Applications with Systems of Linear Equations

Hi it's me ben again. Today in class Mr.K created a new rule to get people to participate in class and that's to pair up and let one person speak for the other person. Okay back to the math.
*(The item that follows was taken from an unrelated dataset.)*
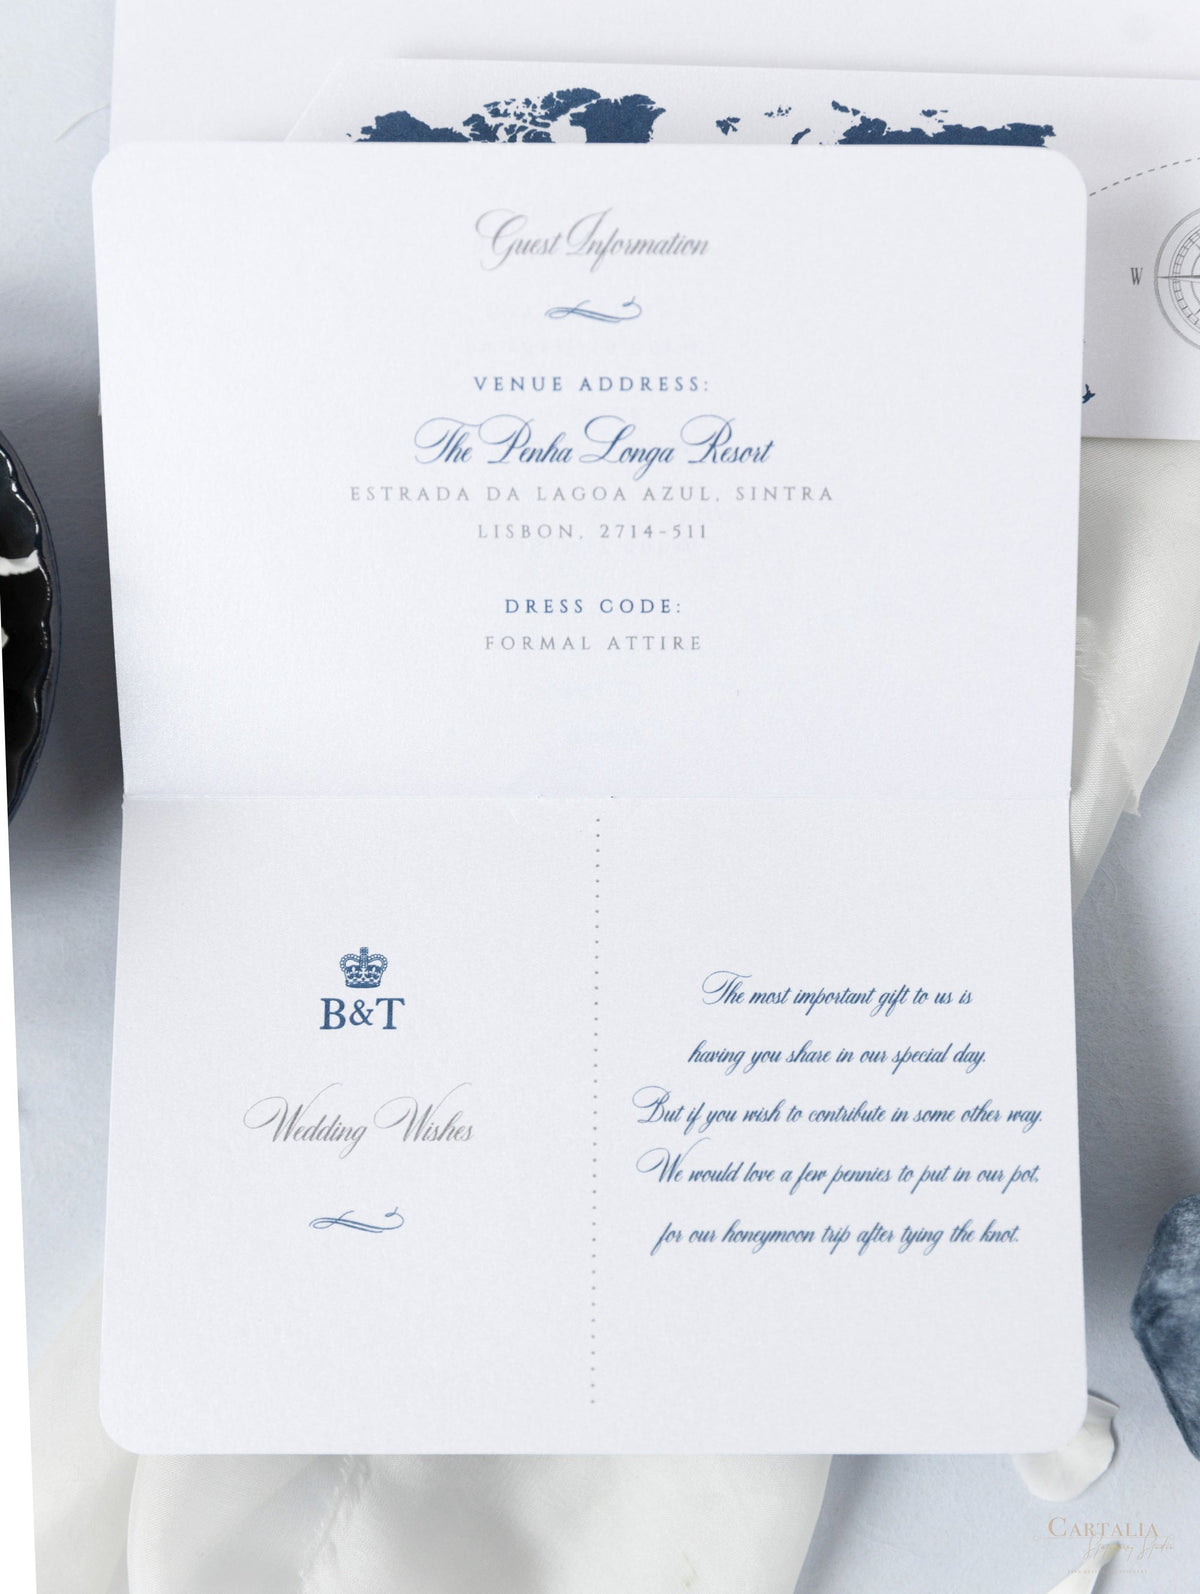 Portafoglio da viaggio FOLDER argento e blu navy: lussuosa suite per inviti per passaporto di nozze in tasca e etichetta a specchio

Today we started with some Systems Of Linear Equations With Three Variable questions for practice.

a+2b+c=0
3a-b-2c=11
2a+b-c=3

3a+3b=3
5a+3b=11
2a=8
a=4

3(4)+3b=3
12+3b=3
3b=-9
b=-3

4+2(-3)+c=0
4-6+c=0
-2+c=0
c=2

EXPLANATION:
L₁
L₂
L₃
L₄=L₁+L₃
L₅=2L₁+L₂
L₆=L₅-L₄
L₇ Solve L₆
L₈ Solve L₄ w/ a=4
L₉ Solve L₈
L₁₀ Solve L₁ w/ a=4, b=-3
L₁₁ Solve L₁₀

Lines intersect @(4, -3, 2)

After a little work on that question we had to apply our Linear Equation skills we just learned and use them in word problems.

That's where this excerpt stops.